_What you have to do_
The reply should hold every line of the data below, unchanged, and none of the pictures.

_Dataset content_
--- START ---

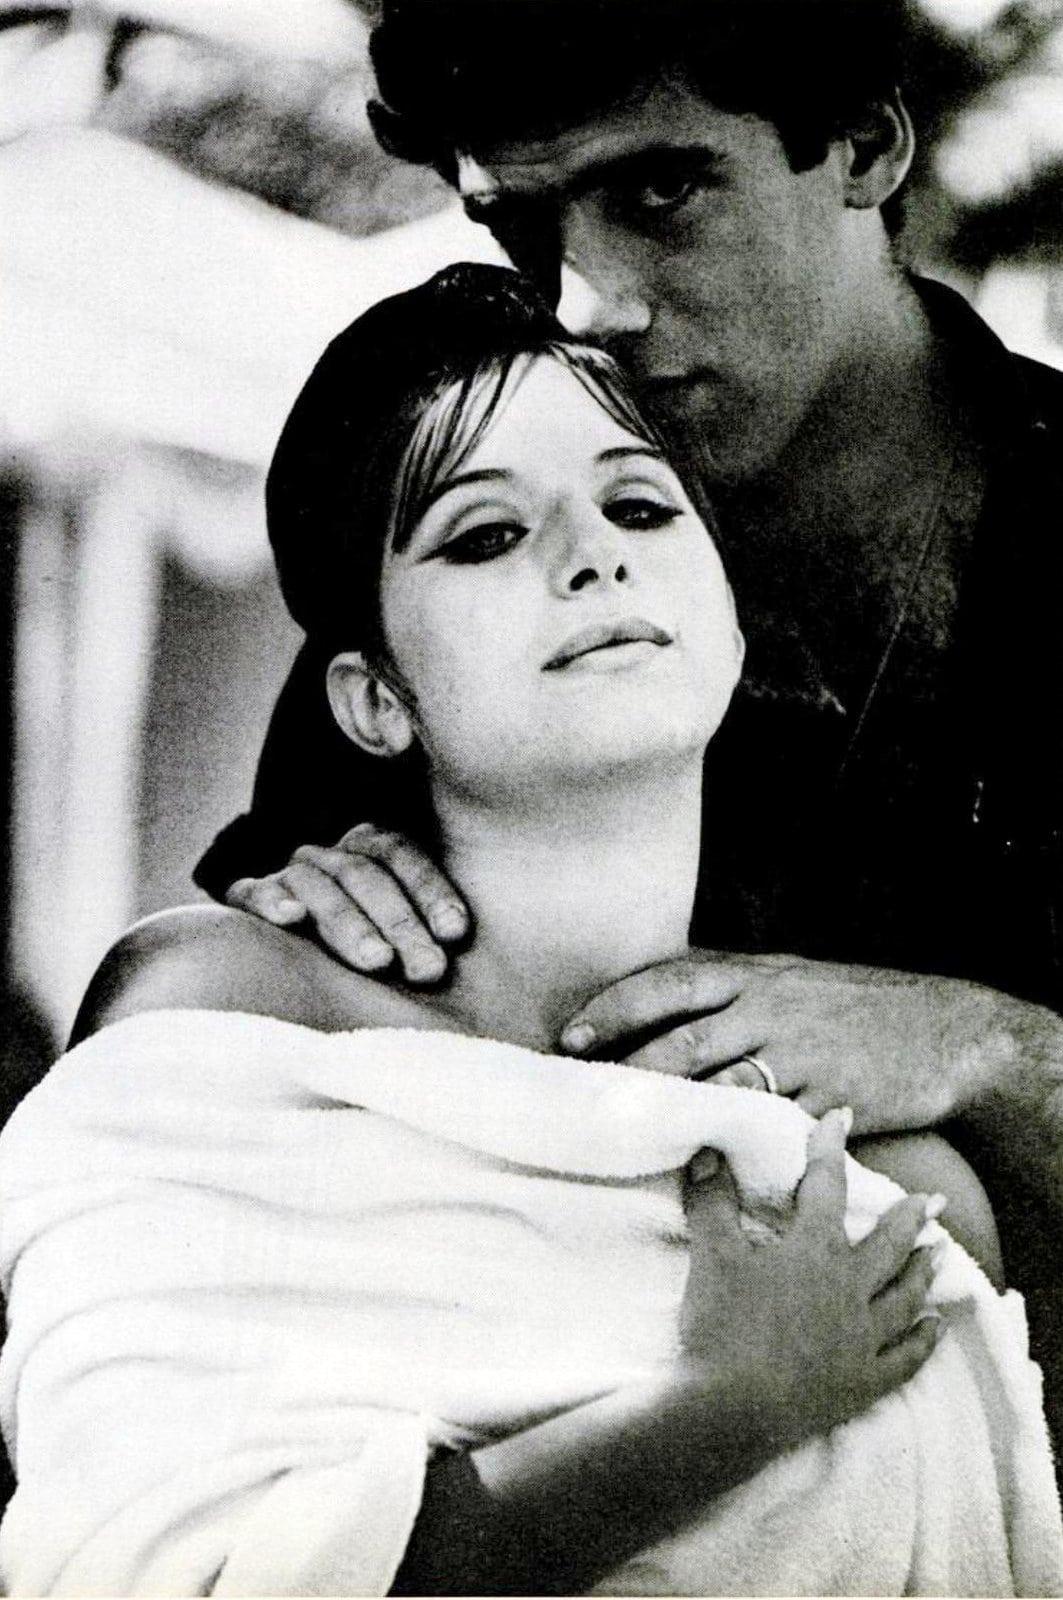 Barbra Streisand and Elliot Gould (1964)
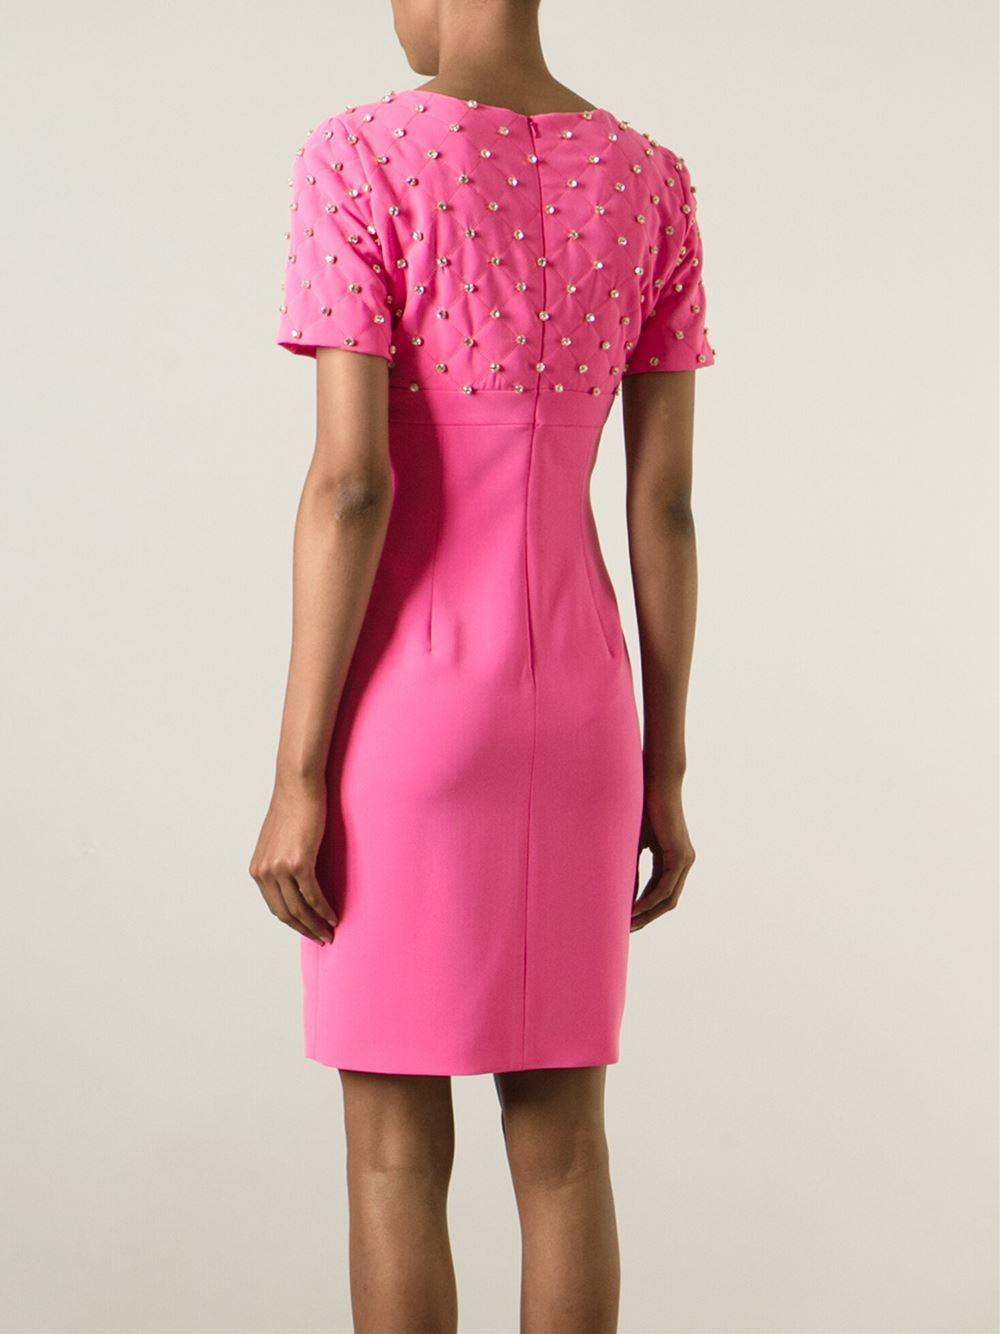 Moschino Embellished Dress Lyst
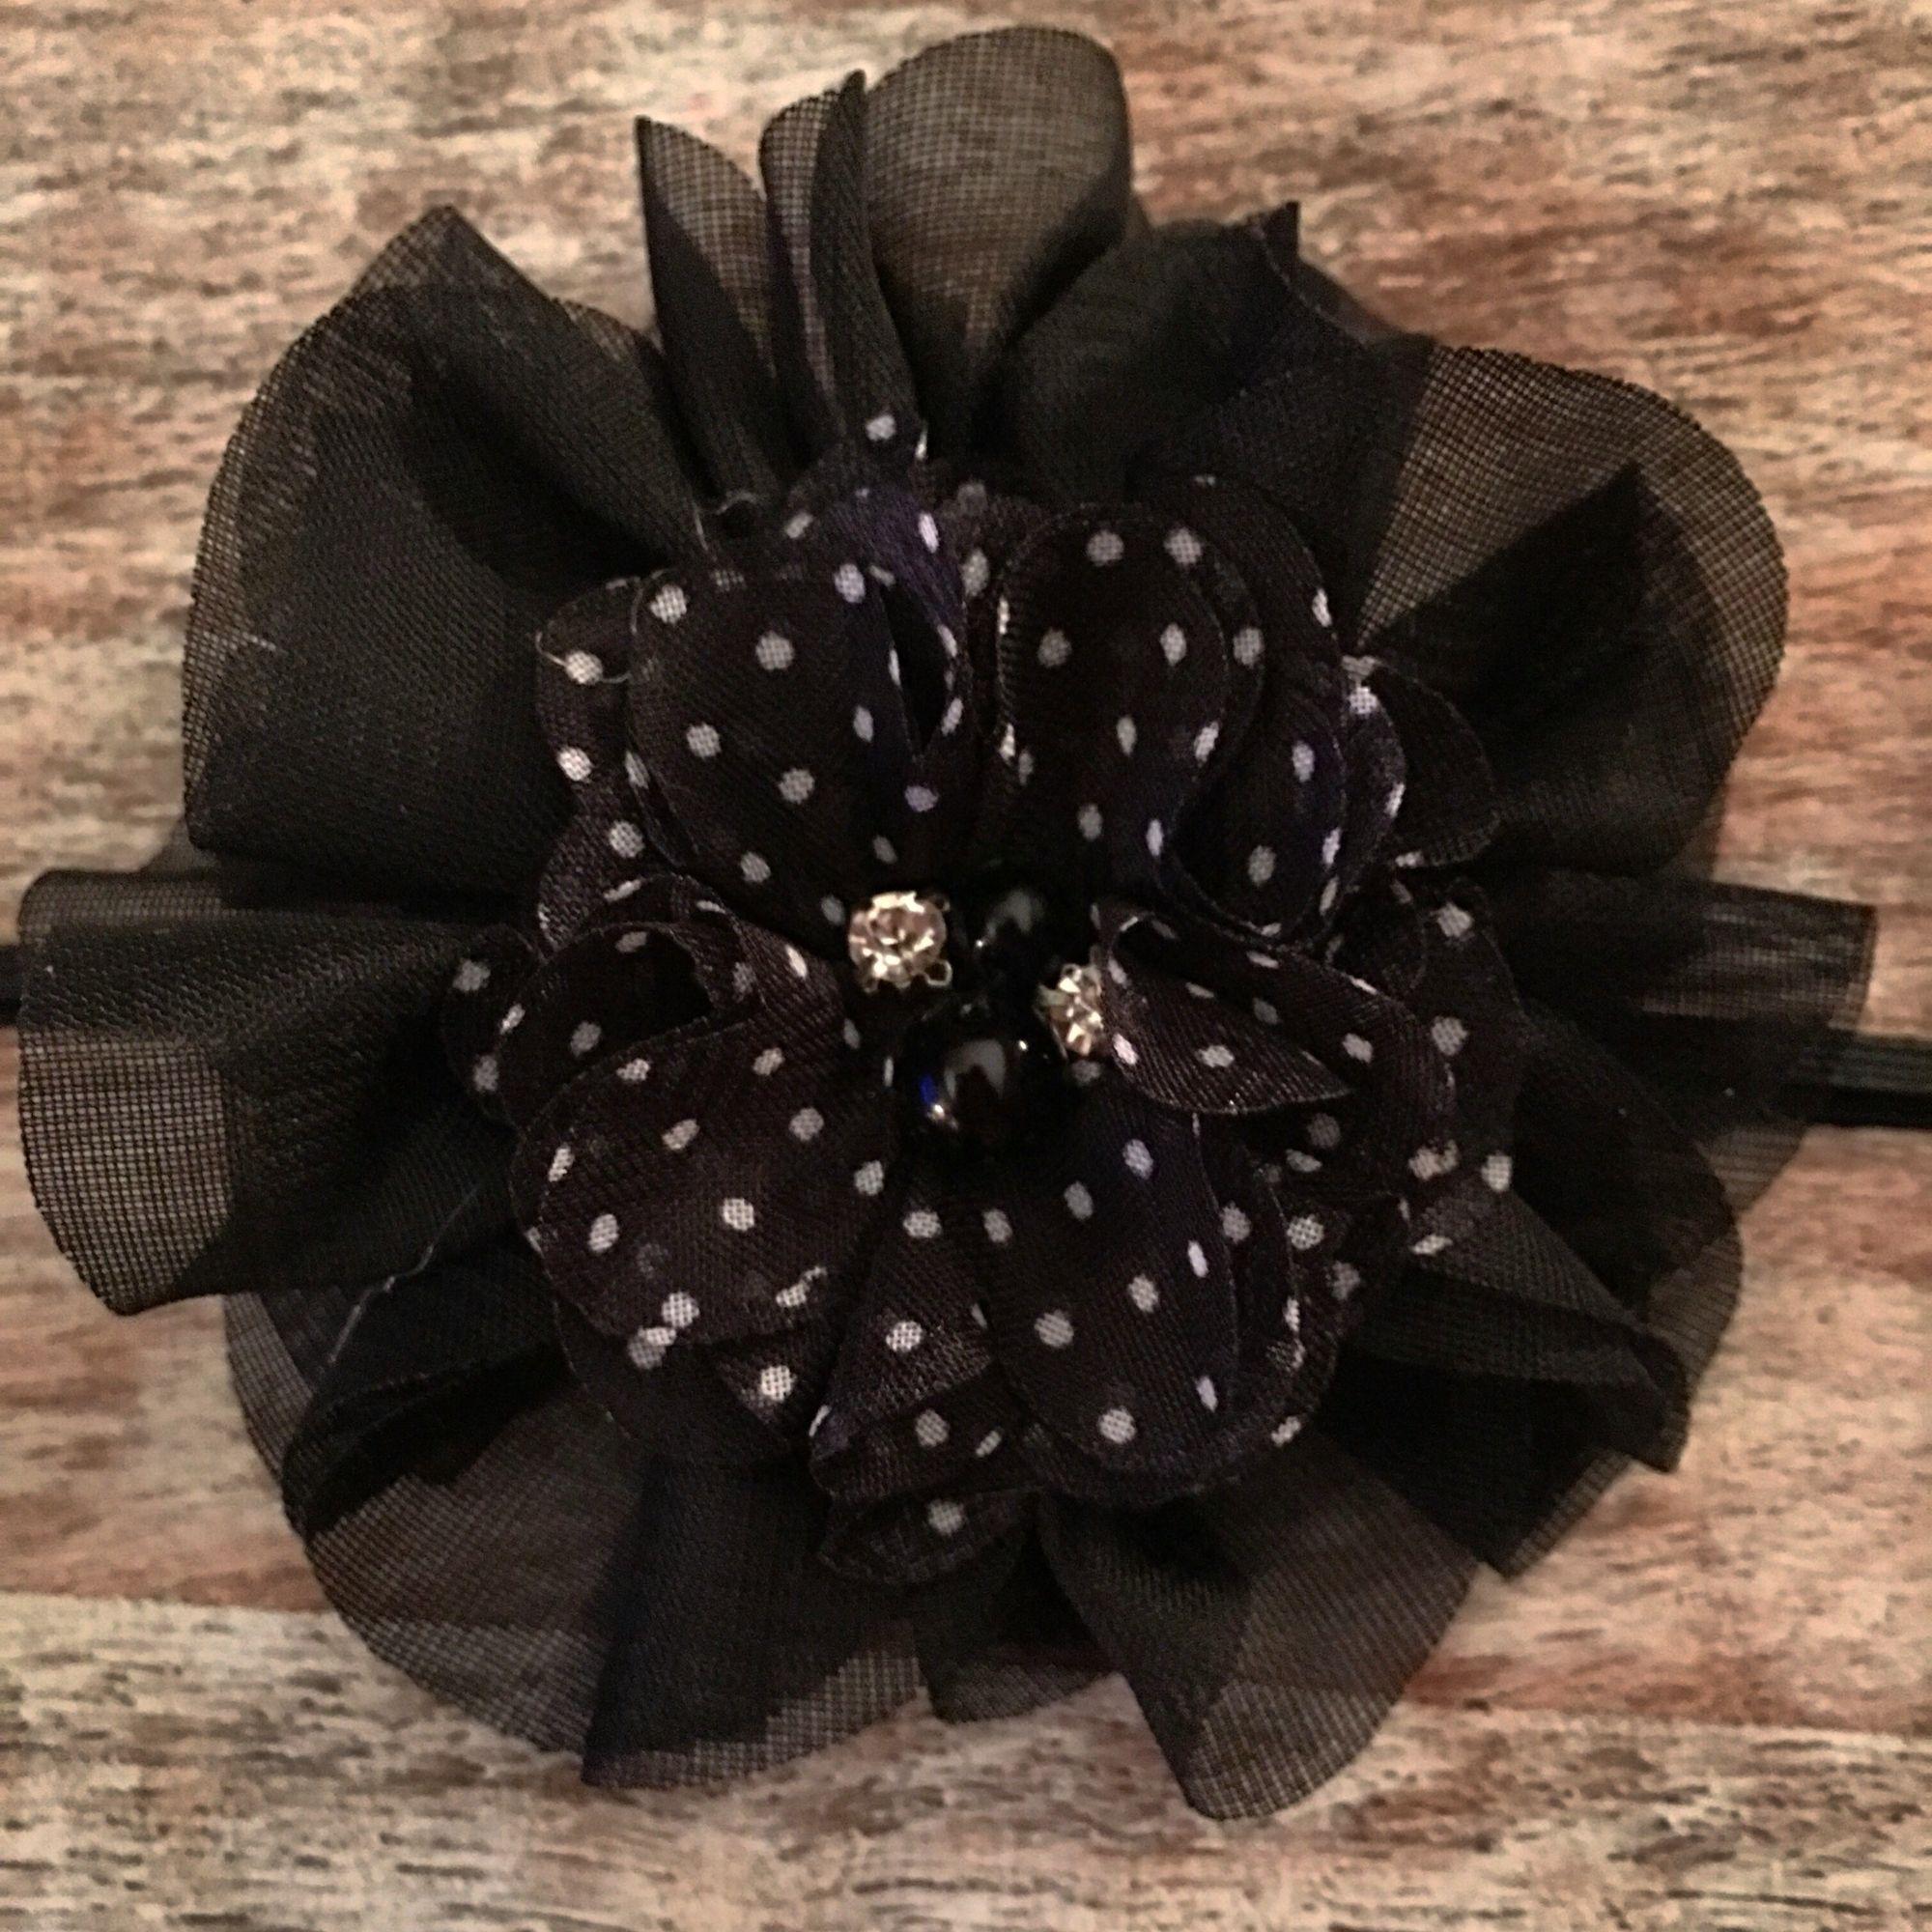 $8  Black & White Polka Dot Headband or Clip with  Double Flower, Rhinestone & Pearl Center

--- END ---

_Task response_
 Barbra Streisand and Elliot Gould (1964)
 Moschino Embellished Dress Lyst
 $8  Black & White Polka Dot Headband or Clip with  Double Flower, Rhinestone & Pearl Center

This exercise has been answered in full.